Tobacco firms Philip Morris, British American Tobacco launch case against EU Tobacco Products Directive
Major tobacco firms have launched a legal challenge against a European directive that could increase the price of the cheapest packs of cigarettes by 70p.
Philip Morris International is leading the challenge in the European Court of Justice (ECJ) against the revised EU Tobacco Products Directive, also known as TPD2, which was adopted in May 2014 but has been delayed by a series of court cases.
British American Tobacco will also launch a legal challenge and Imperial Brands is listed as an “interested party” to the case, reported the Sunday Times. The case will be decided on 4 May.
After the ruling tobacco firms will have a year to implement the changes contained in TPD2, which include introducing a minimum pack size for cigarettes, a minimum weight for hand rolling tobacco – set at 30g – and a ban on menthol from 2020. Industry insiders, according to the Sunday Times, have said some low-cost brands will increase by around 70p.

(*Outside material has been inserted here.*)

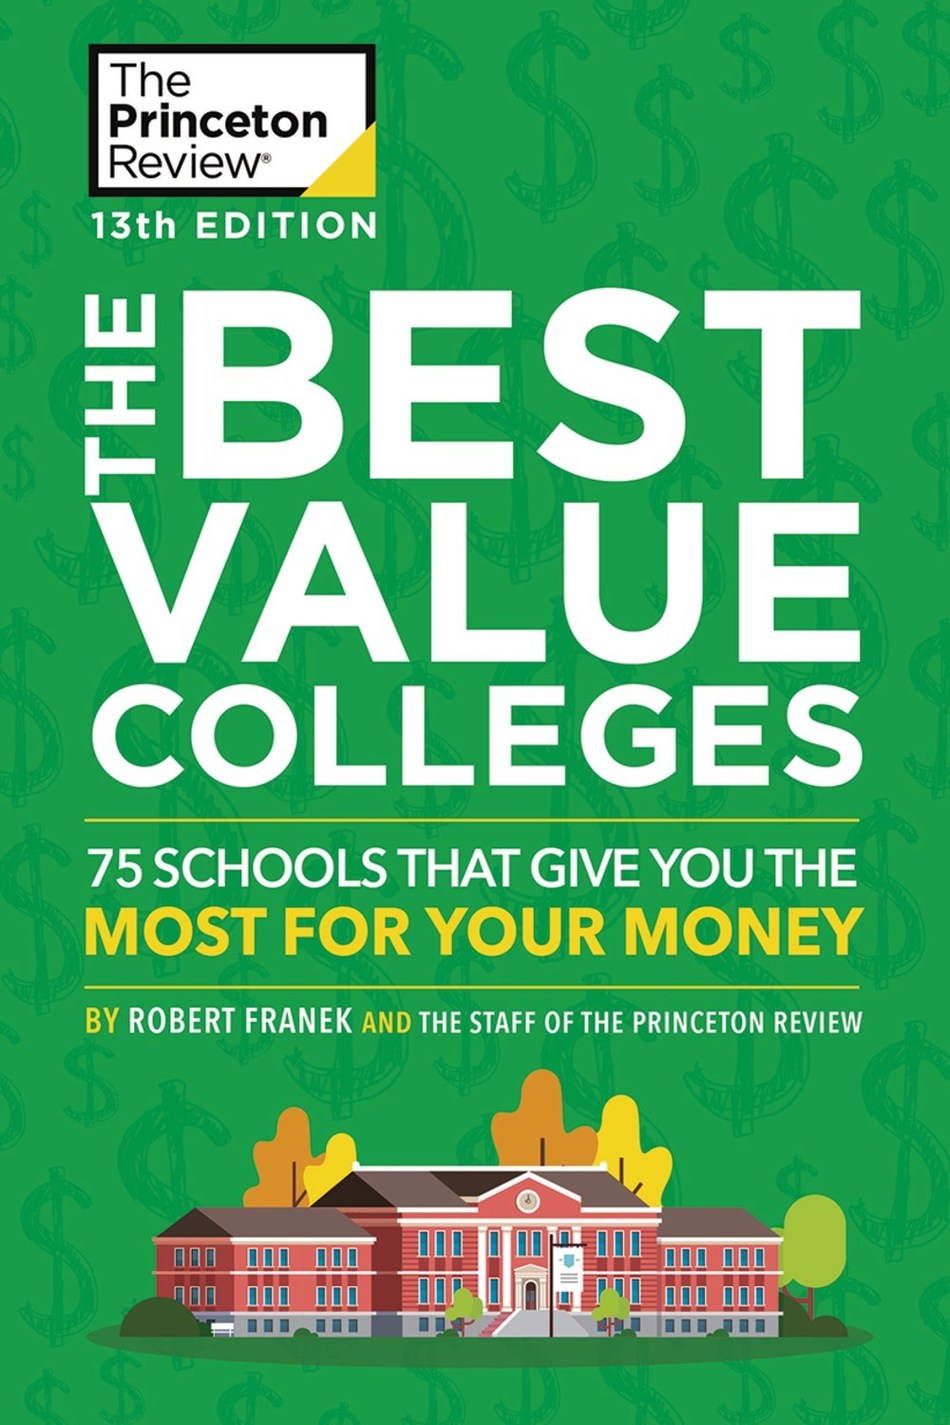 The Princeton Review Has Released Its "Best Value Colleges" List and

Cigarettes will have to be sold in packs of 20 if the directive is enforced, putting pressure on cheaper brands such as Lambert & Butler (owned by Imperial Brands) and Silk Cut, which typically sell packs of 16 or 17. Britain will be disproportionately affected by the directive as the UK is one of the only countries in the EU to sell packs of 10, which will be outlawed.

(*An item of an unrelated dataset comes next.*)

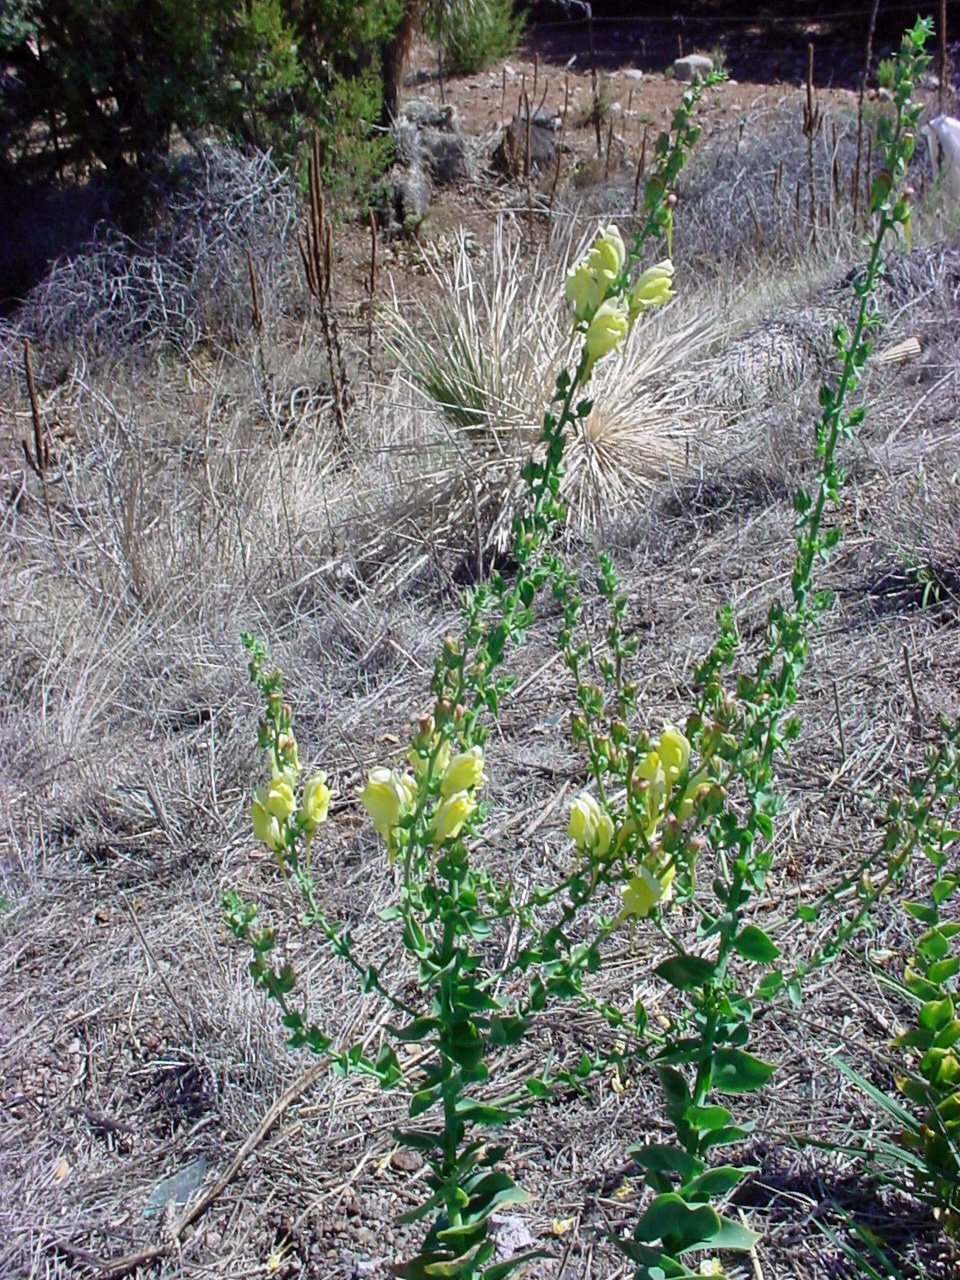 Plants growing in a dry, scrubby habitat and displaying erect flower stalks

“Our key concern is that some of the aspects of TPD2, notably the minimum pack sizes for cigarettes and hand rolling tobacco, as well as the ban on menthol, will simply play into the hand of smugglers and counterfeiters by driving the trade in illicit tobacco products,” an industry source said.
Later in May the UK government will also announce its decision on plain packaging, which would replace all branding on cigarette packs with health warnings.